▸ Task goal
Pictures in the data below are not part of the copy; transcribe everything else exactly.

▸ Information supplied
BEGIN

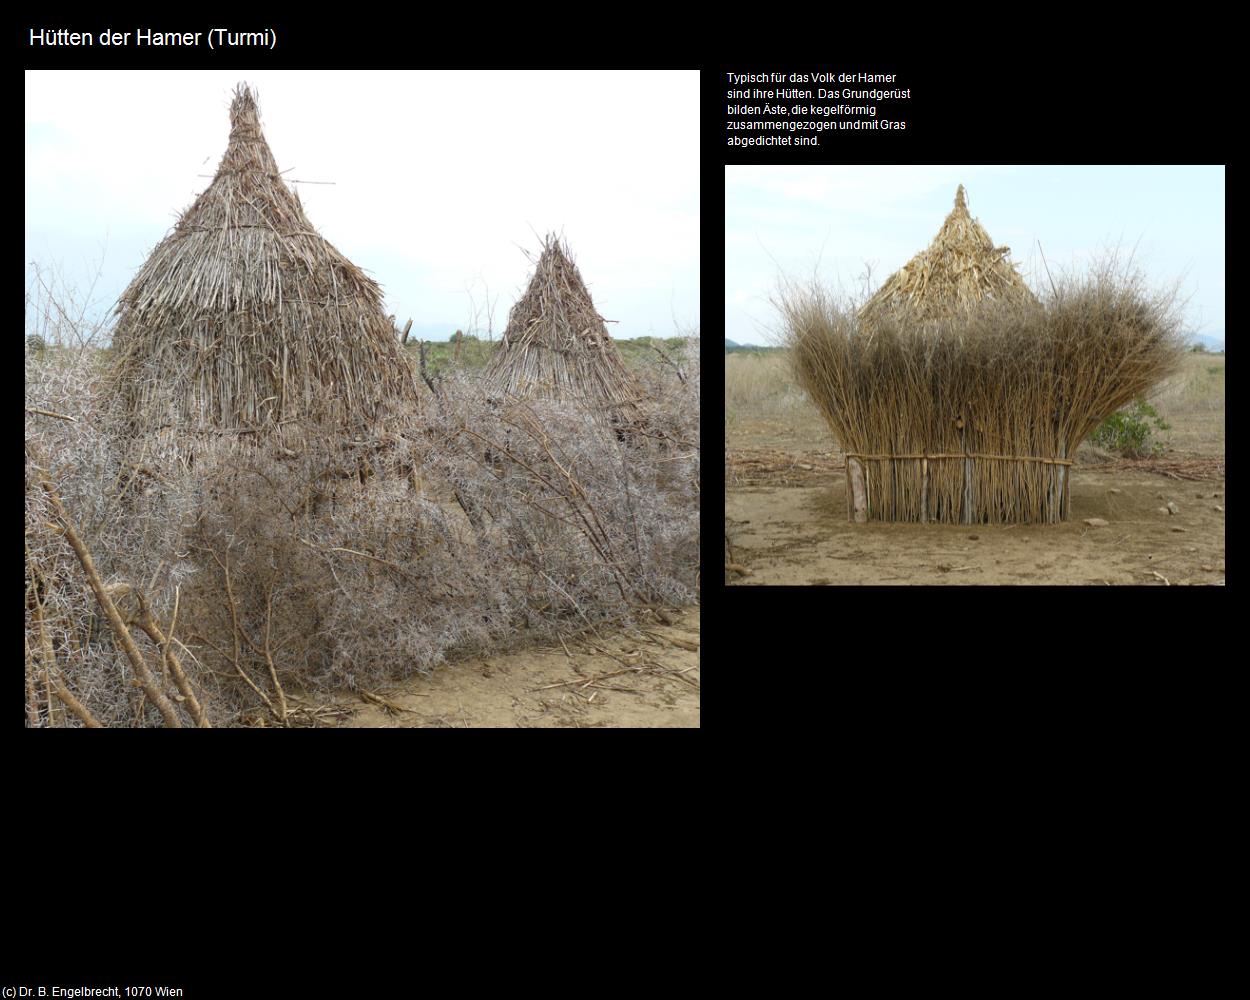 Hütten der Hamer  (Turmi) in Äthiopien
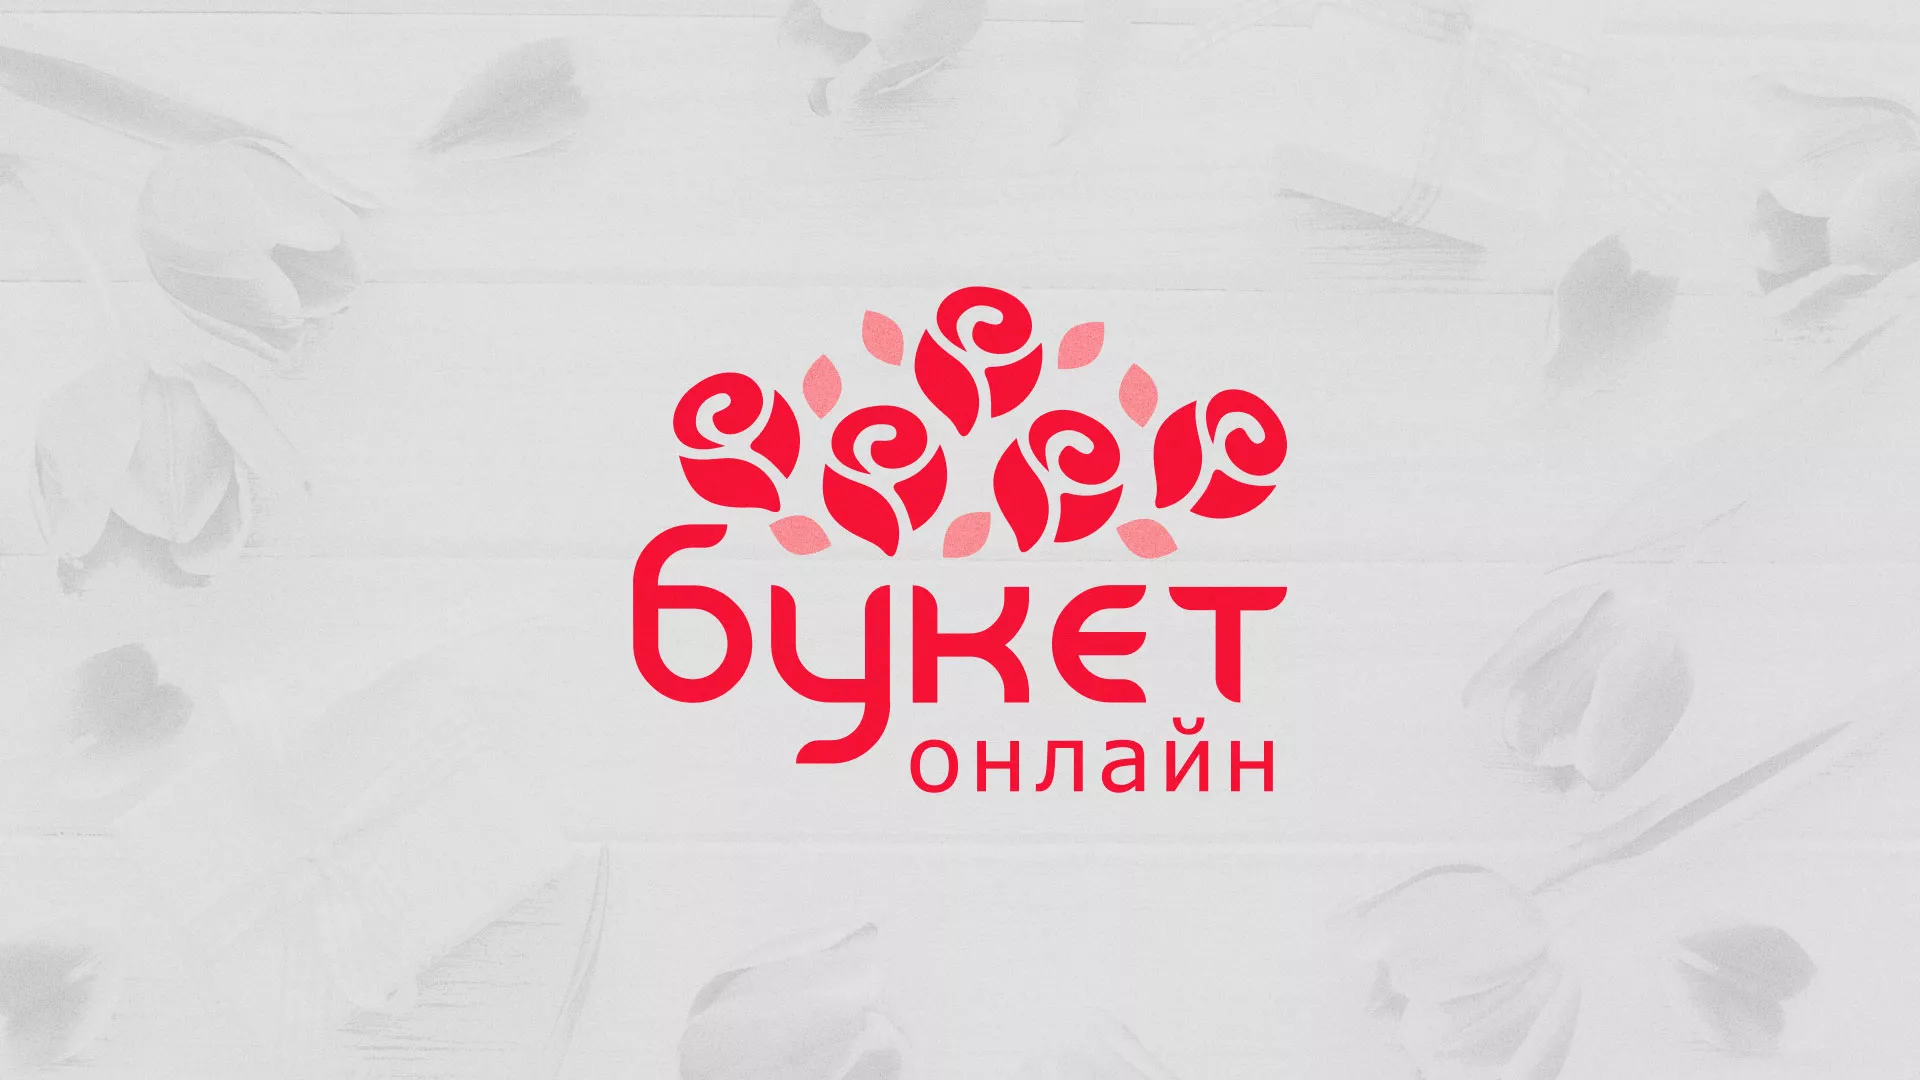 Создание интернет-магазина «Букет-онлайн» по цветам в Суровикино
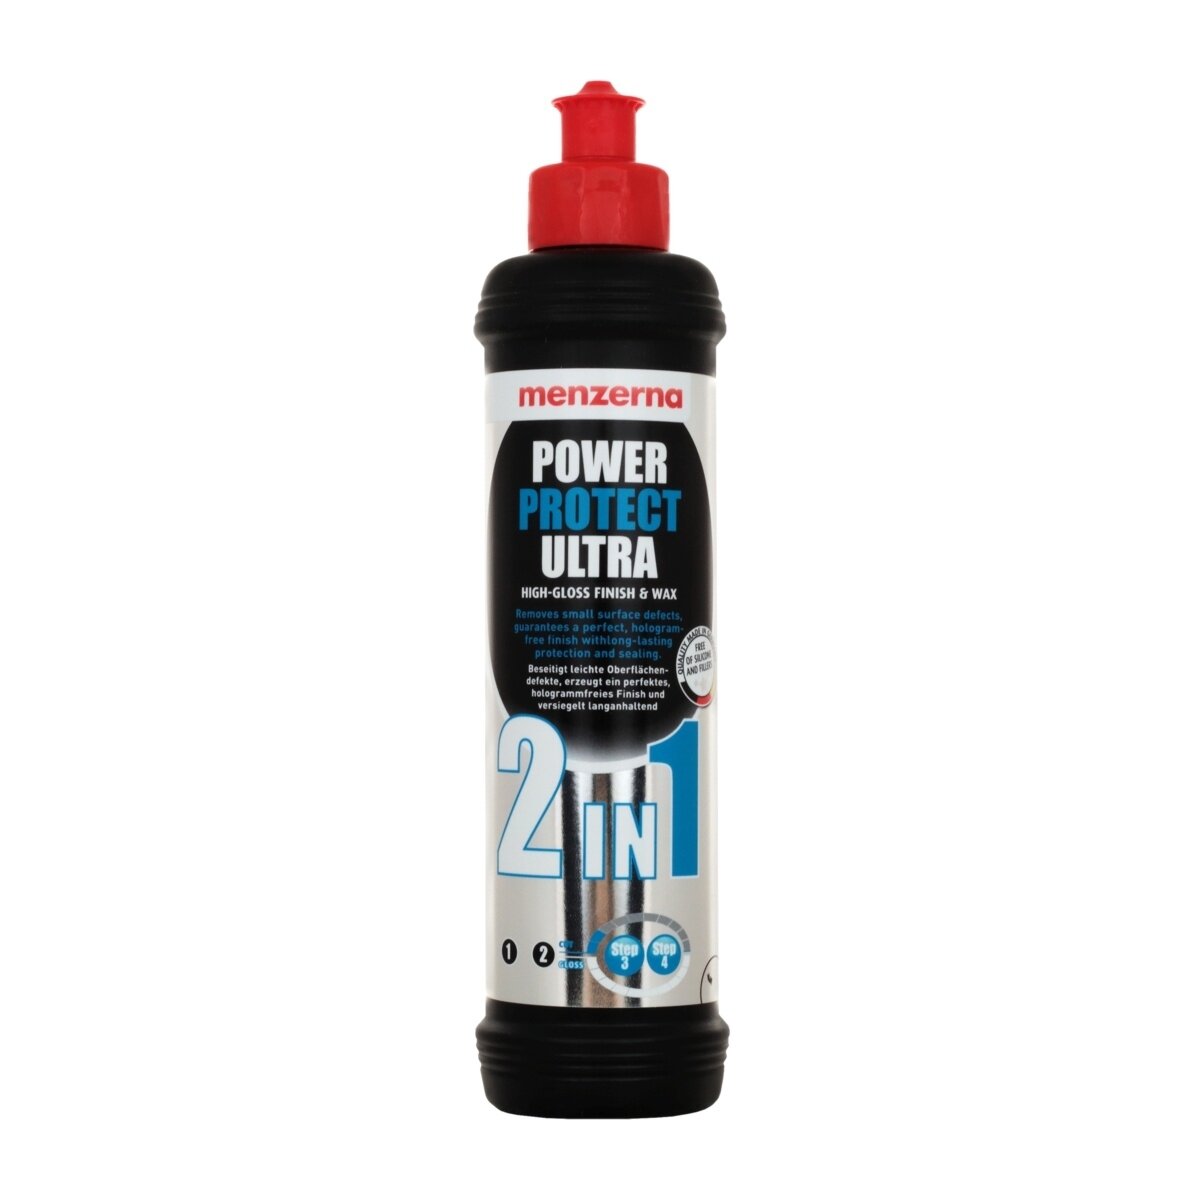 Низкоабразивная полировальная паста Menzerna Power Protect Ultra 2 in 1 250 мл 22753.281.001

END

▸ Exercise response
 Hütten der Hamer  (Turmi) in Äthiopien
 Создание интернет-магазина «Букет-онлайн» по цветам в Суровикино
 Низкоабразивная полировальная паста Menzerna Power Protect Ultra 2 in 1 250 мл 22753.281.001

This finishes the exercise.